___ GIVEN INFORMATION
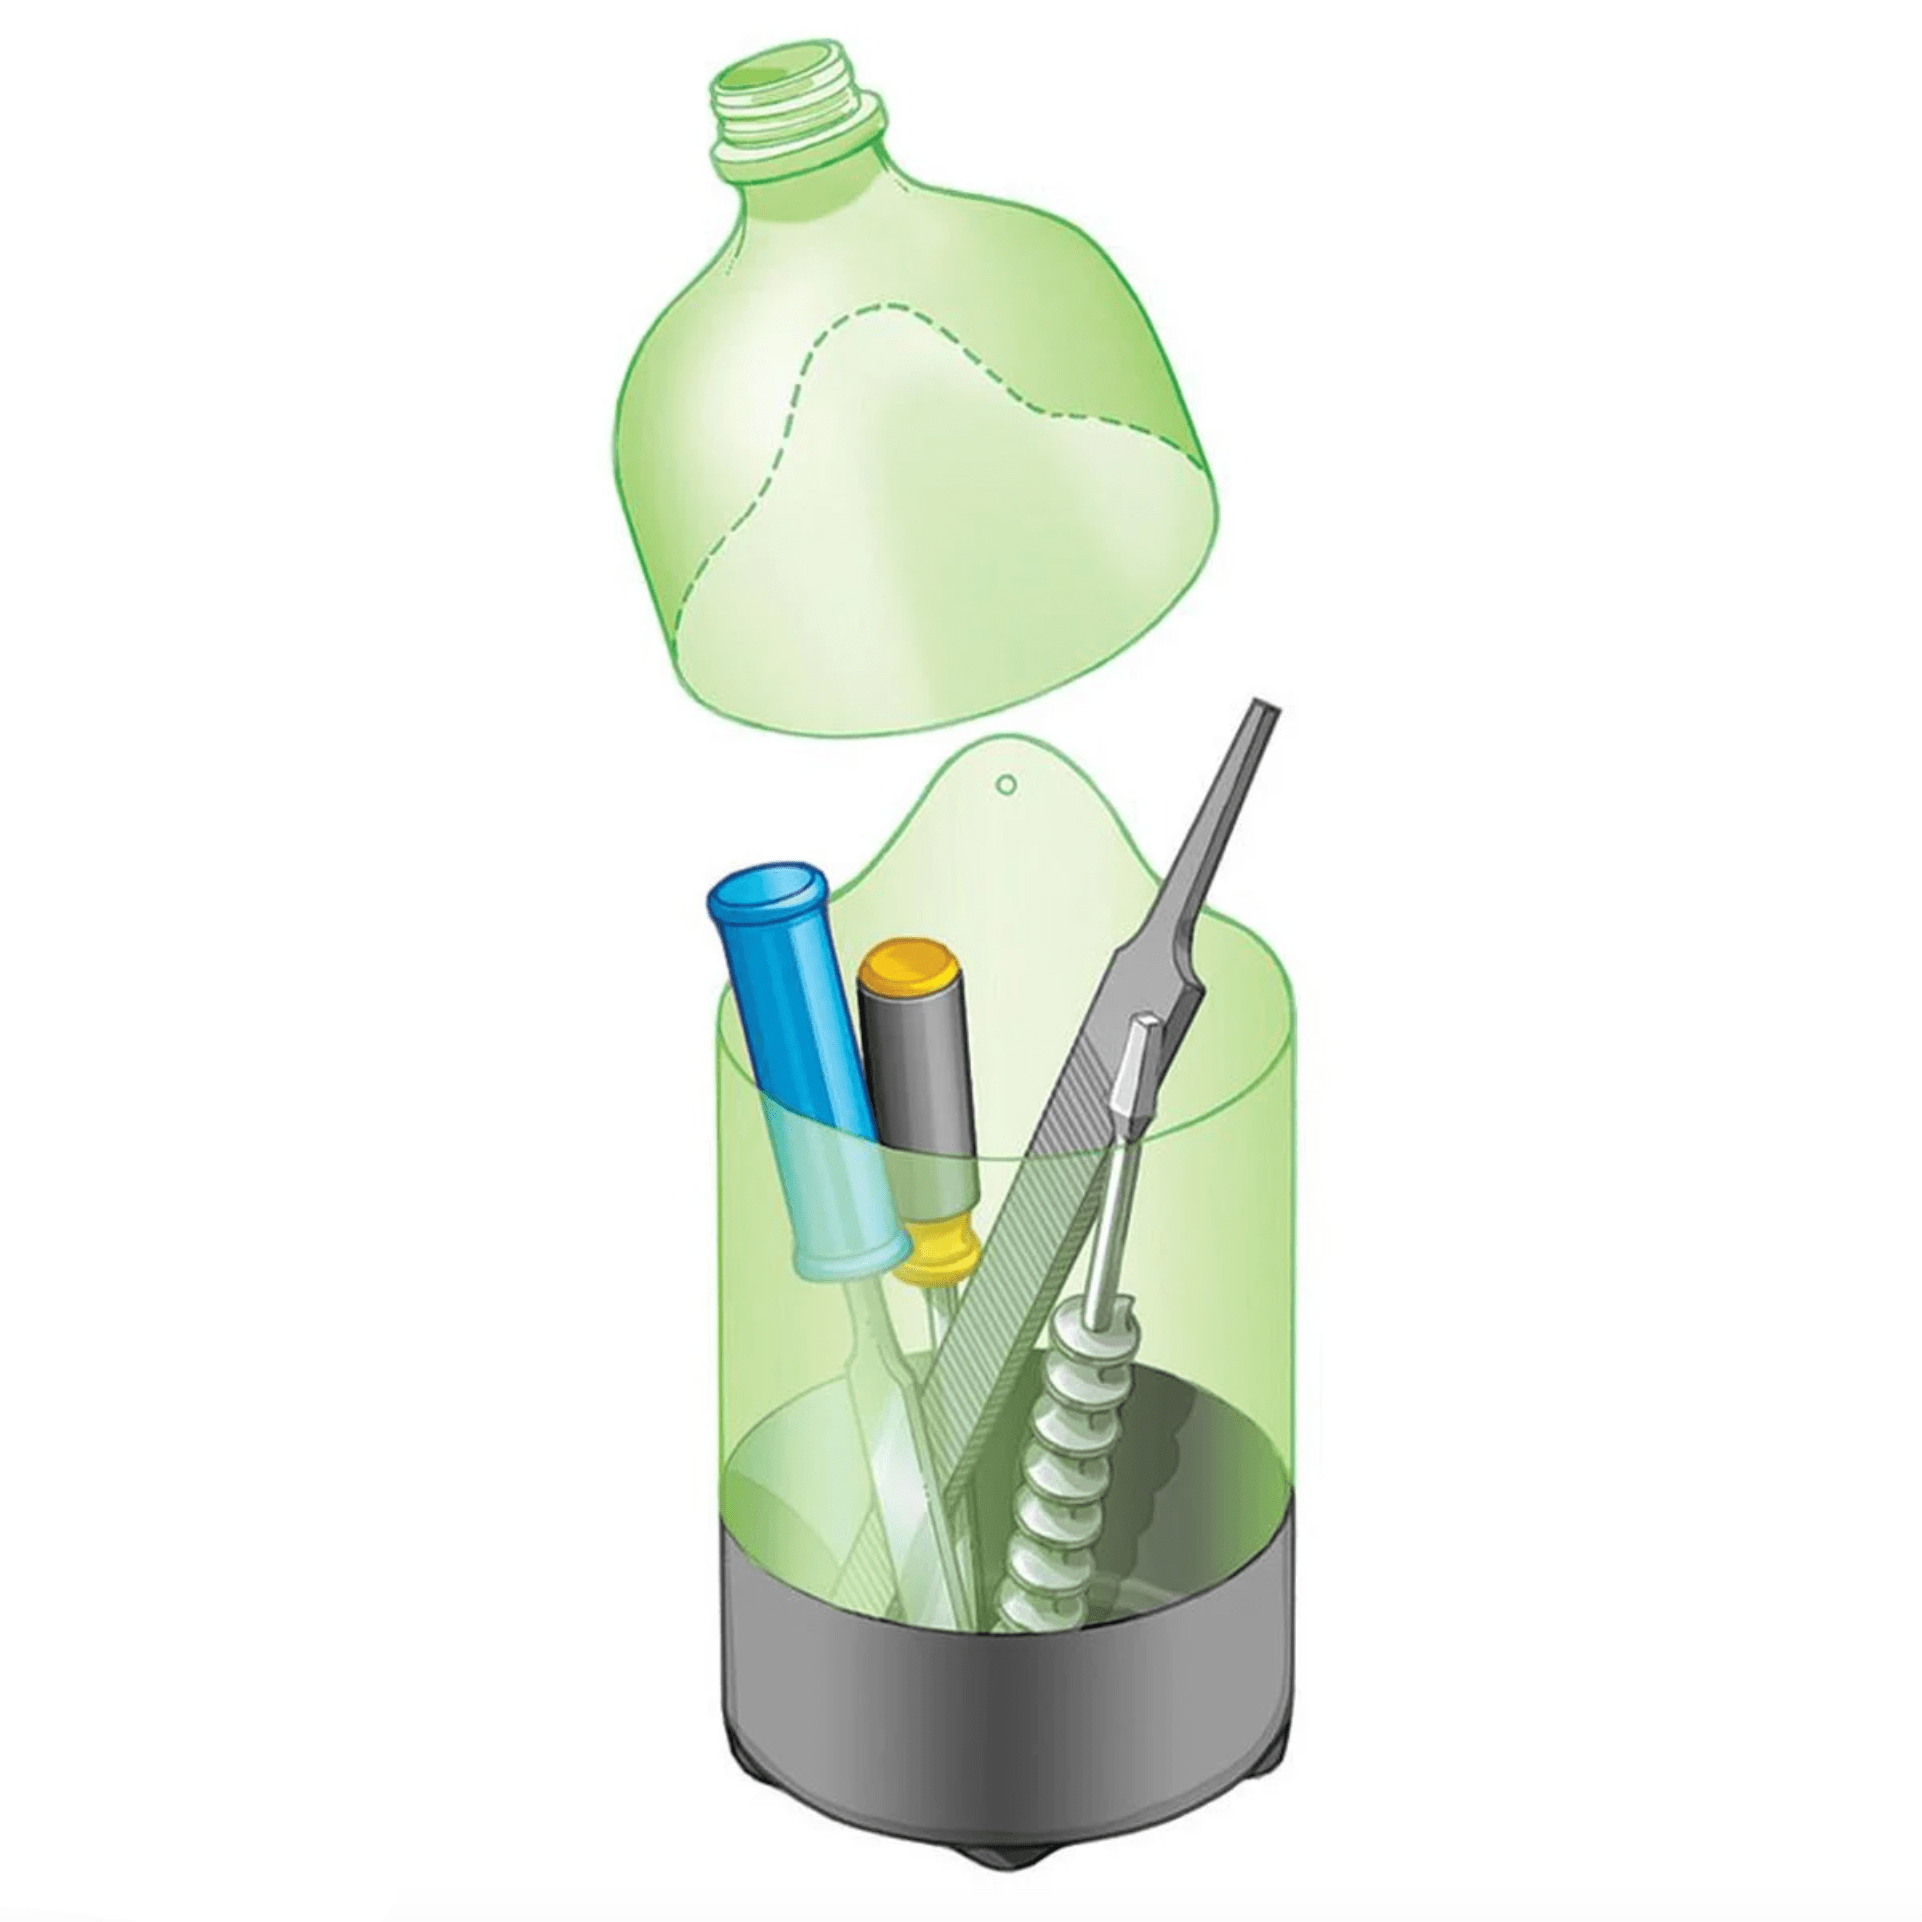 Instant Tool Holder in plastic bottle
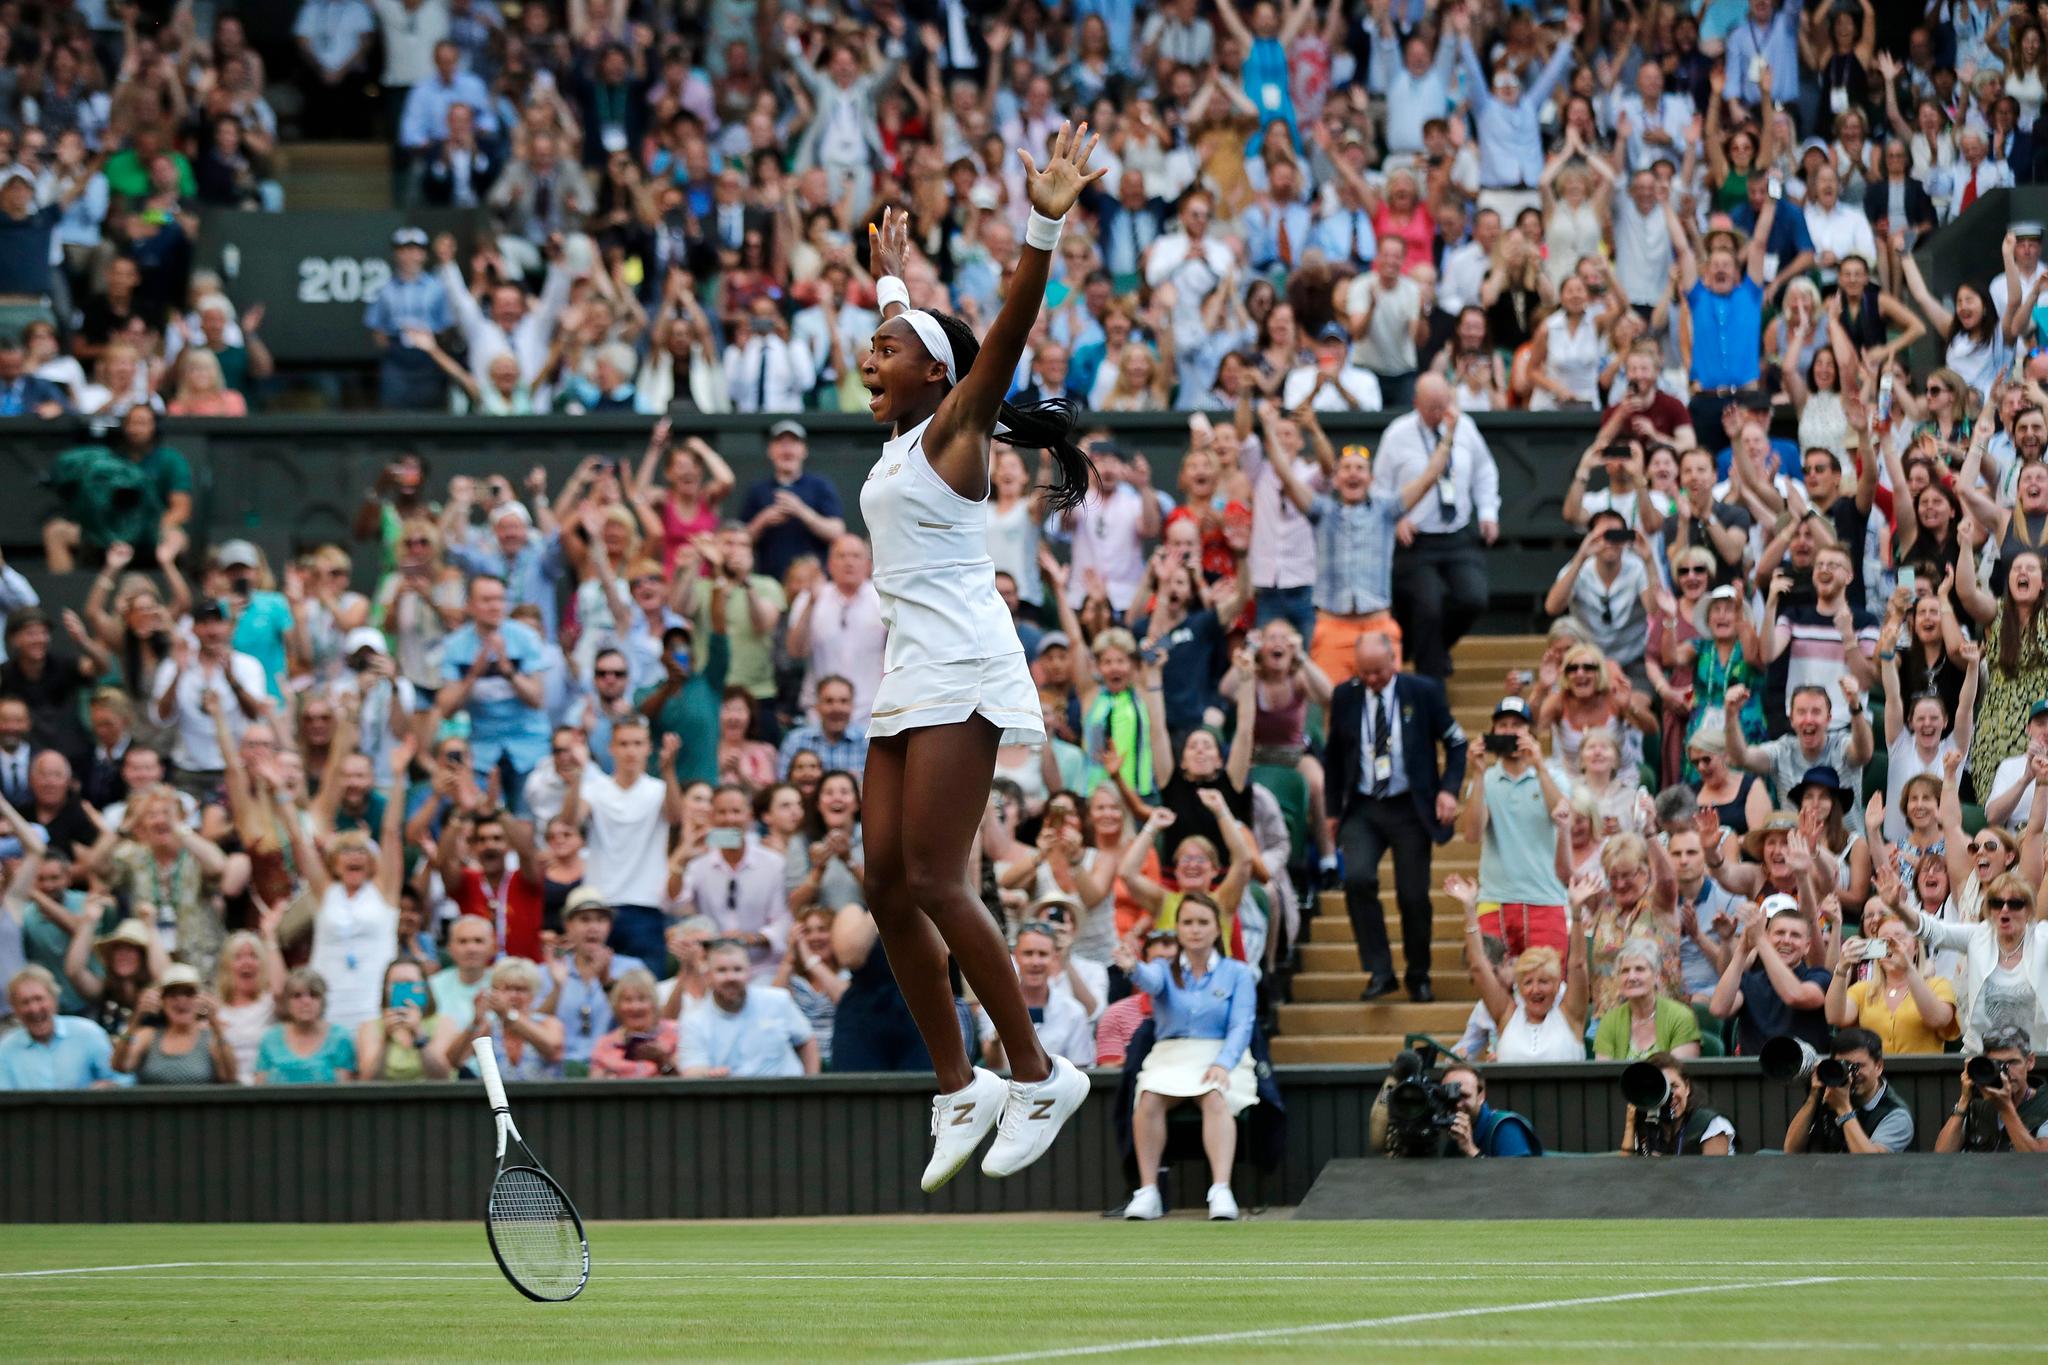 Slike scener får vi ikke se i år. Coco Gauff jubler etter å ha vunnet en kamp i Wimbledon-turneringen i tennis. Gressturneringen i London er avlyst for første gang siden 2. verdenskrig. 
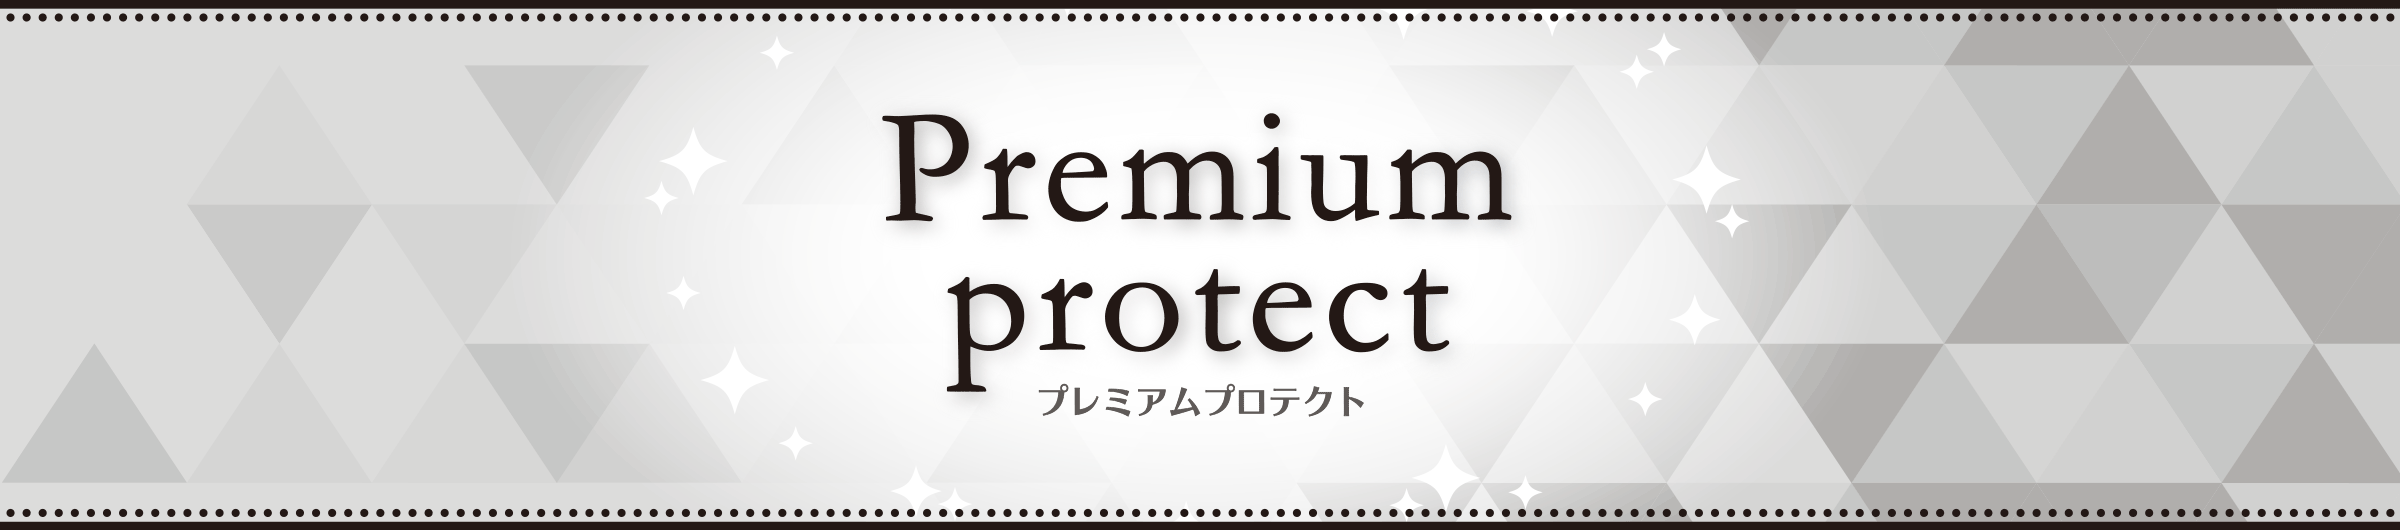 Premium protect プレミアムプロテクト
______
◆ **WHAT TO DO**
Pictures excluded, output exactly the line that contains "Slike scener får" and every line after it to the end of the data above.

◆ **SOLUTION TO THIS TASK**
 Slike scener får vi ikke se i år. Coco Gauff jubler etter å ha vunnet en kamp i Wimbledon-turneringen i tennis. Gressturneringen i London er avlyst for første gang siden 2. verdenskrig. 
 Premium protect プレミアムプロテクト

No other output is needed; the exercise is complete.